Linear transformations

Let $\mathpzcb{X} = (\mathpzc{X} _1, \dots, \mathpzc{X} _n)$ be an $n$-dimensional random vector, $\bb{A}$ and $m \times n$ deterministic matrix, and $\bb{b}$ and $m$-dimensional deterministic vector. We define a random vector $\mathpzcb{Y} = \bb{A} \mathpzcb{X} + \bb{b} $ as the affine transformation of $\mathpzcb{X}$. Using linearity of the expectation operator, it is straightforward to show that

\[\begin{aligned} \bb{\mu} _\mathpzcb{Y} &=& \mathbb{E}(\bb{A} \mathpzcb{X} + \bb{b}) = \bb{A} \bb{\mu} _\mathpzcb{X} + \bb{b} \\ \bb{C} _\mathpzcb{Y} &=& \mathbb{E}(\bb{A} \mathpzcb{X} - \bb{A} \bb{\mu} _\mathpzcb{X} ) (\bb{A} \mathpzcb{X} - \bb{A} \bb{\mu} _\mathpzcb{X} )^\Tr = \bb{A} \bb{C} _\mathpzcb{X} \bb{A}^\Tr \\ \bb{C} _{\mathpzcb{X} \mathpzcb{Y}} &=& \mathbb{E}(\mathpzcb{X} - \bb{\mu} _\mathpzcb{X} ) (\bb{A} \mathpzcb{X} - \bb{A} \bb{\mu} _\mathpzcb{X} )^\Tr = \bb{C} _\mathpzcb{X} \bb{A}^\Tr.\end{aligned}\]

Estimation

Let $\mathpzcb{X}$ be a latent $n$-dimensional random vector, and let $\mathpzcb{Y}$ be a statistically related $m$-dimensional observation (measurement). For example $\mathpzcb{Y}$ can be a linearly transformed version of $\mathpzcb{X}$ corrupted by additive random noise, $\mathpzcb{Y} = \bb{A}\mathpzcb{X} + \mathpzcb{N}$. We might attempt using the information $\mathpzcb{Y}$ contains about $\mathpzcb{X}$ in order to estimate $\mathpzcb{X}$. For that purpose, let us construct a deterministic function $\bb{h} : \RR^m \rightarrow \RR^n$ that we are going to call an estimator. Supplying a realization $\mathpzcb{Y} = \bb{y}$ to this estimator will produce a deterministic vector $\hat{\bb{x}} = \bb{h}(\bb{y})$, which is referred to as the estimate of $\mathpzcb{X}$ given the measurement $\bb{y}$. With some abuse of notation, we will henceforth denote $\bb{h}(\bb{y})$ as $\hat{\bb{x}}(\bb{y})$. Note that supplying the random observation vector $\mathpzcb{Y}$ to $\hat{\bb{x}}$ produces the random vector $\hat{\mathpzcb{X}} = \hat{\bb{x}}(\mathpzcb{Y})$; here the deterministic function $\hat{\bb{x}}$ acts as a random variable transformation.

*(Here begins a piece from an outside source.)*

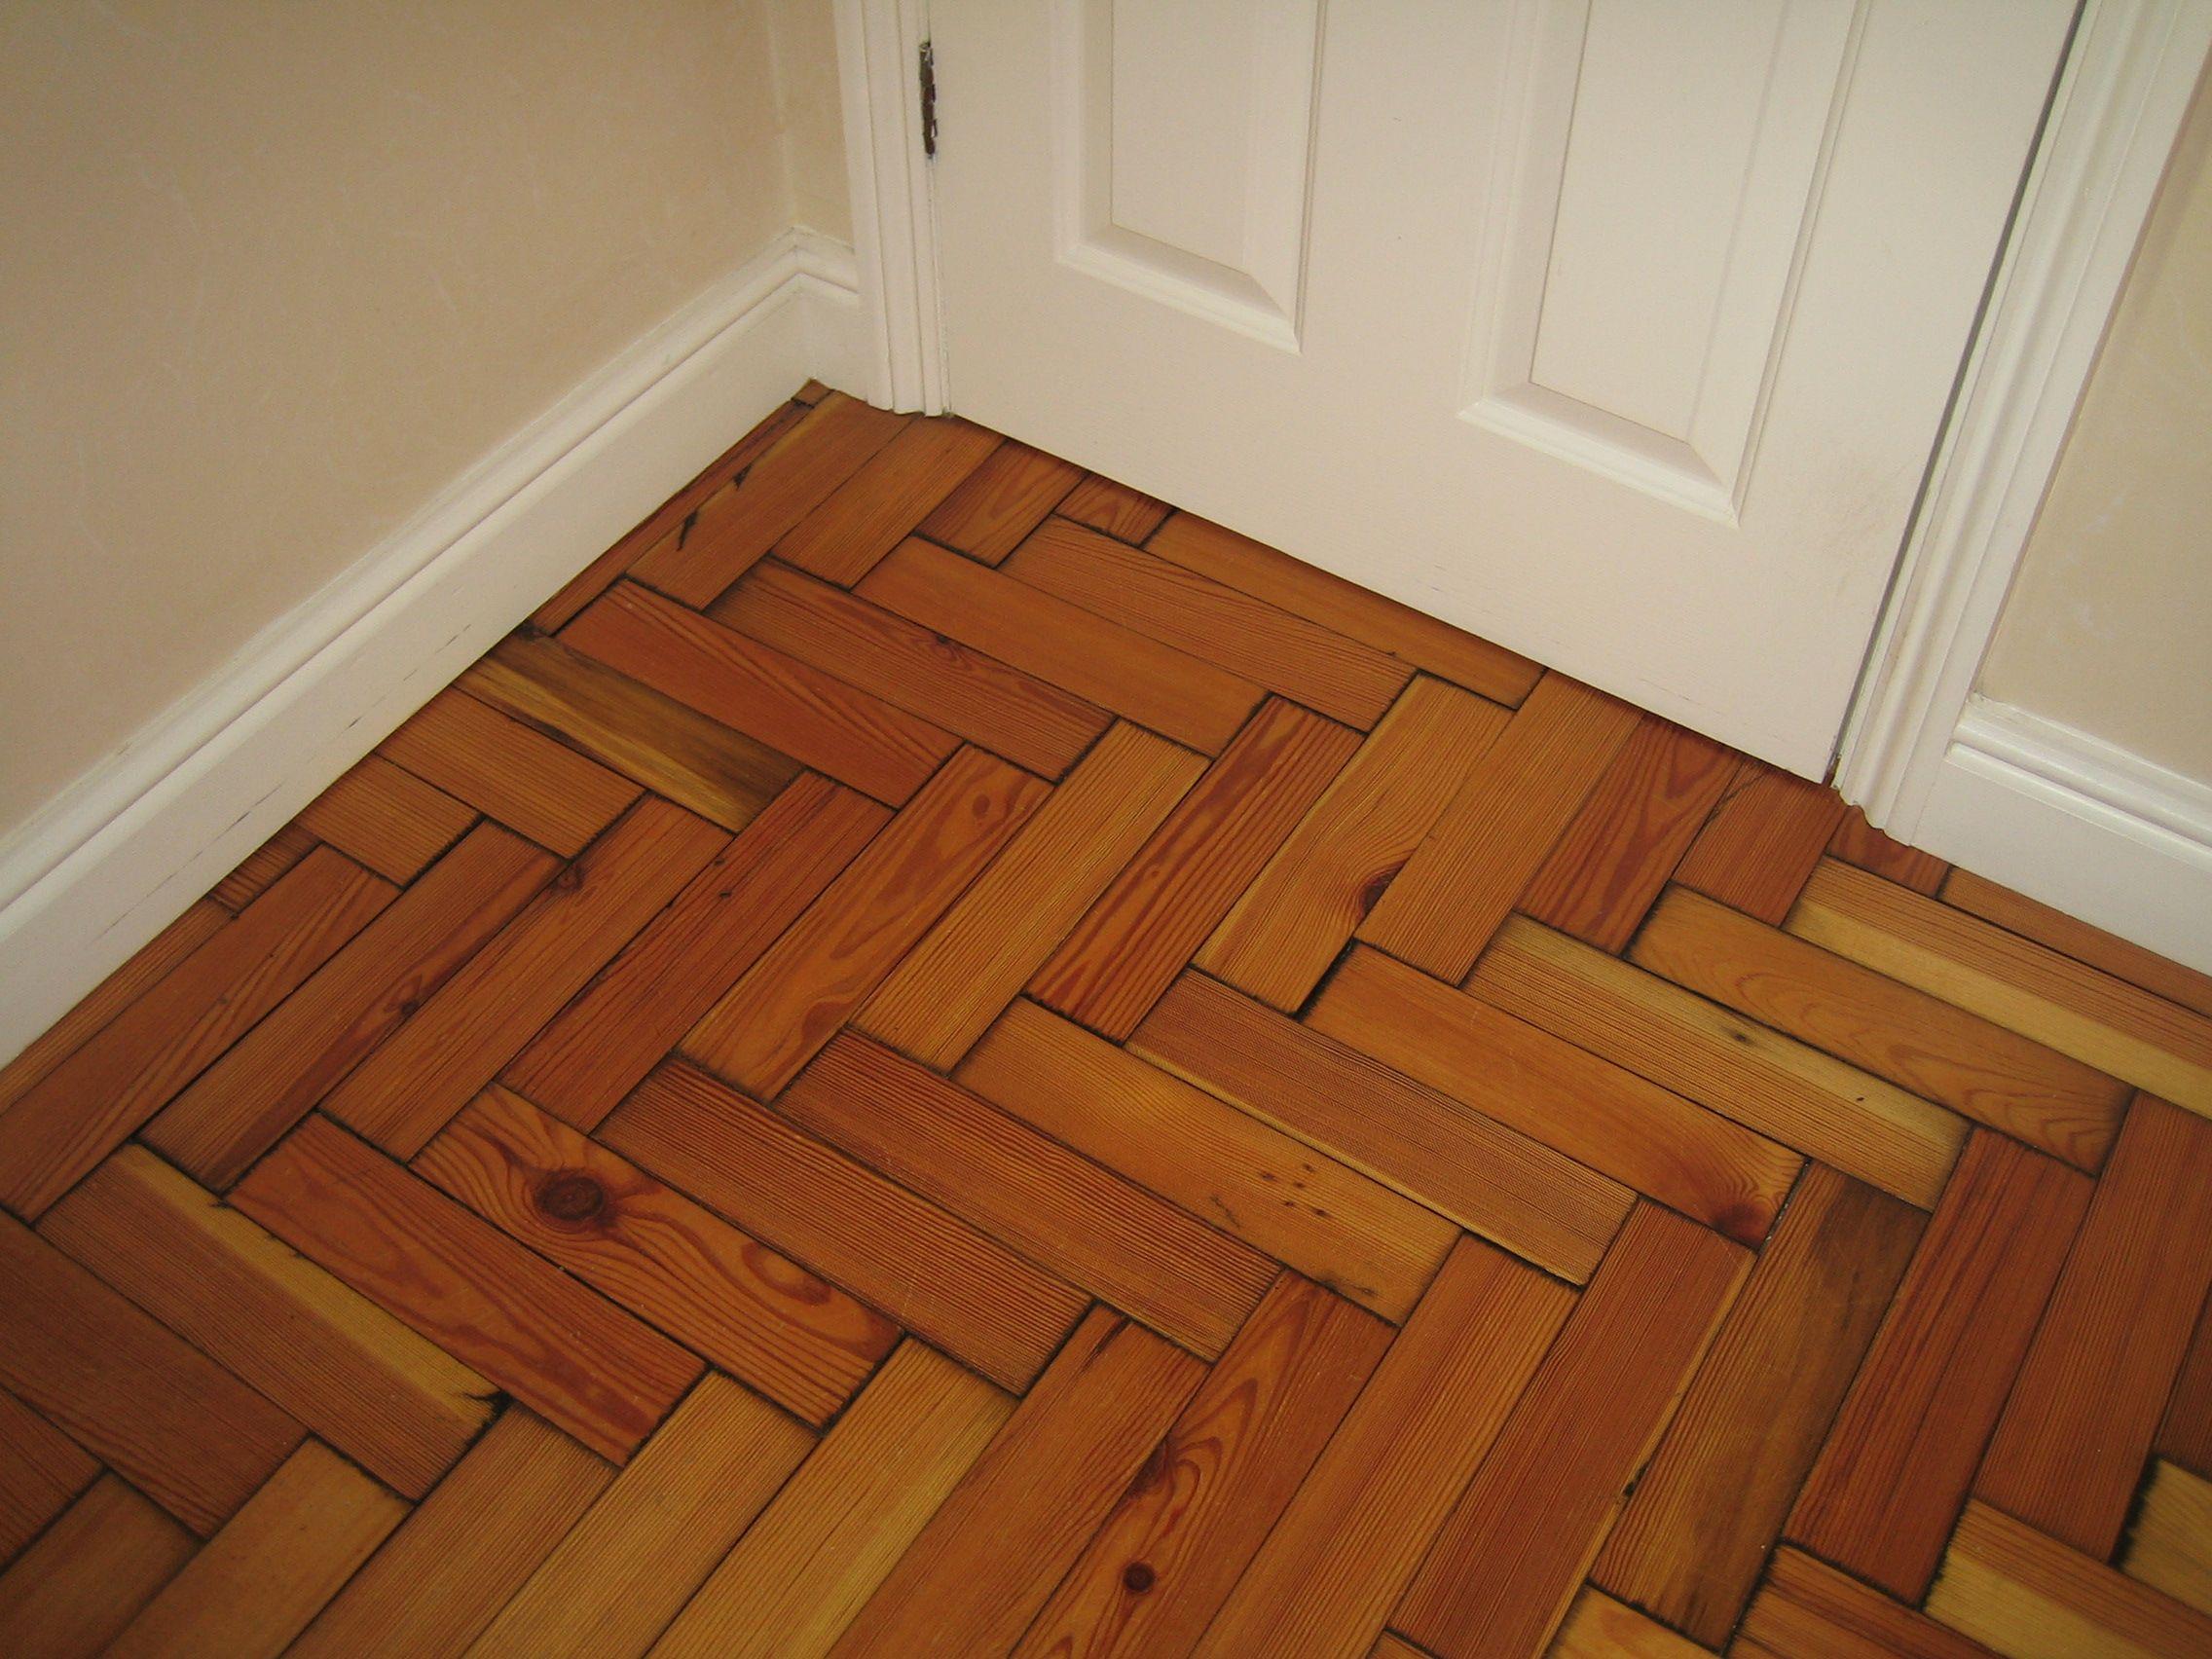 Hardwood Floor Ideas House Flooring Flooring Cheap Hardwood Floors

Ideally, $\hat{\mathpzcb{X}}$ and $\mathpzcb{X}$ should coincide; however, unless the measurement is perfect, there will be a discrepancy $\mathpzcb{E} = \hat{\mathpzcb{X}} - \mathpzcb{X}$ which we will refer to as the error vector.

Maximum likelihood

For the sake of simplicity of exposition, let us focus on a very common estimation setting with a linear forward model and an additive statisticaly independent noise, i.e.,

\[\mathpzcb{Y} = \bb{A}\mathpzcb{X} + \mathpzcb{N},\]

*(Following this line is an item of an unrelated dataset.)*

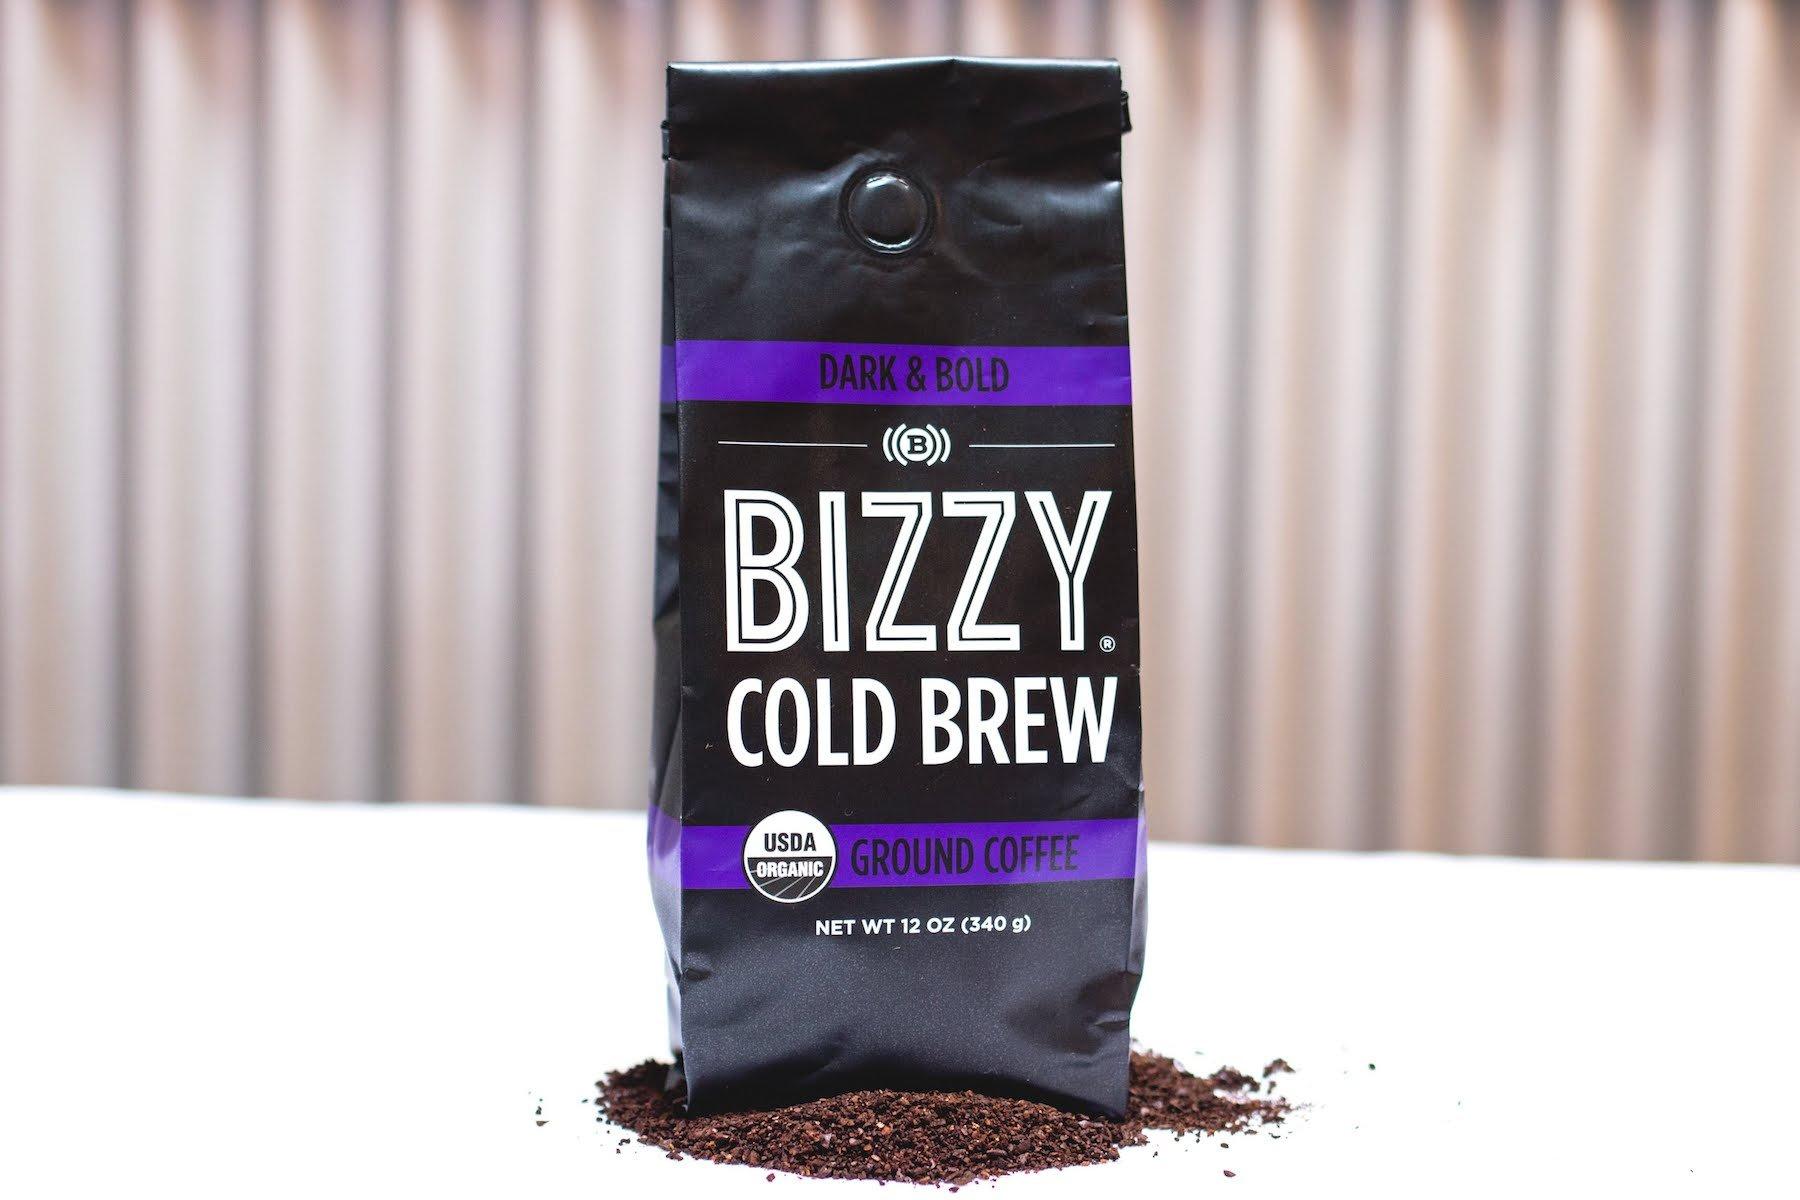 Bizzy Organic Cold Brew Coffee - Dark & Bold Blend - Coarse Ground Coffee - 12 oz by Bizzy (Image #6)

where $\bb{A}$ is a deterministic $m \times n$ matrix and $\mathpzcb{N}$ is independent of $\mathpzcb{X}$. In this case, we can assert that the distribution of the measurement $\mathpzcb{Y}$ given the latent signal $\mathpzcb{X}$ is simply the distribution of $\mathpzcb{N}$ at $\mathpzcb{N} = \mathpzcb{Y}- \bb{A} \mathpzcb{X}$,

\[P _{\mathpzcb{Y} | \mathpzcb{X}}( \bb{y} | \bb{x} ) = P _{\mathpzcb{N}}( \bb{y} - \bb{A} \bb{x} ).\]

Assuming i.i.d. noise (i.e., that the $N _i$’s are distributed identically and independently of each other), the latter simplifies to a product of one-dimensional measures. Note that this is essentially a parametric family of distributions – each choice of $\bb{x}$ yields a distribution $P _{\mathpzcb{Y} | \mathpzcb{X} = \bb{x}}$ of $\mathpzcb{Y}$. For the time being, let us treat the notation $\mathpzcb{Y} | \mathpzcb{X}$ just as a funny way of writing.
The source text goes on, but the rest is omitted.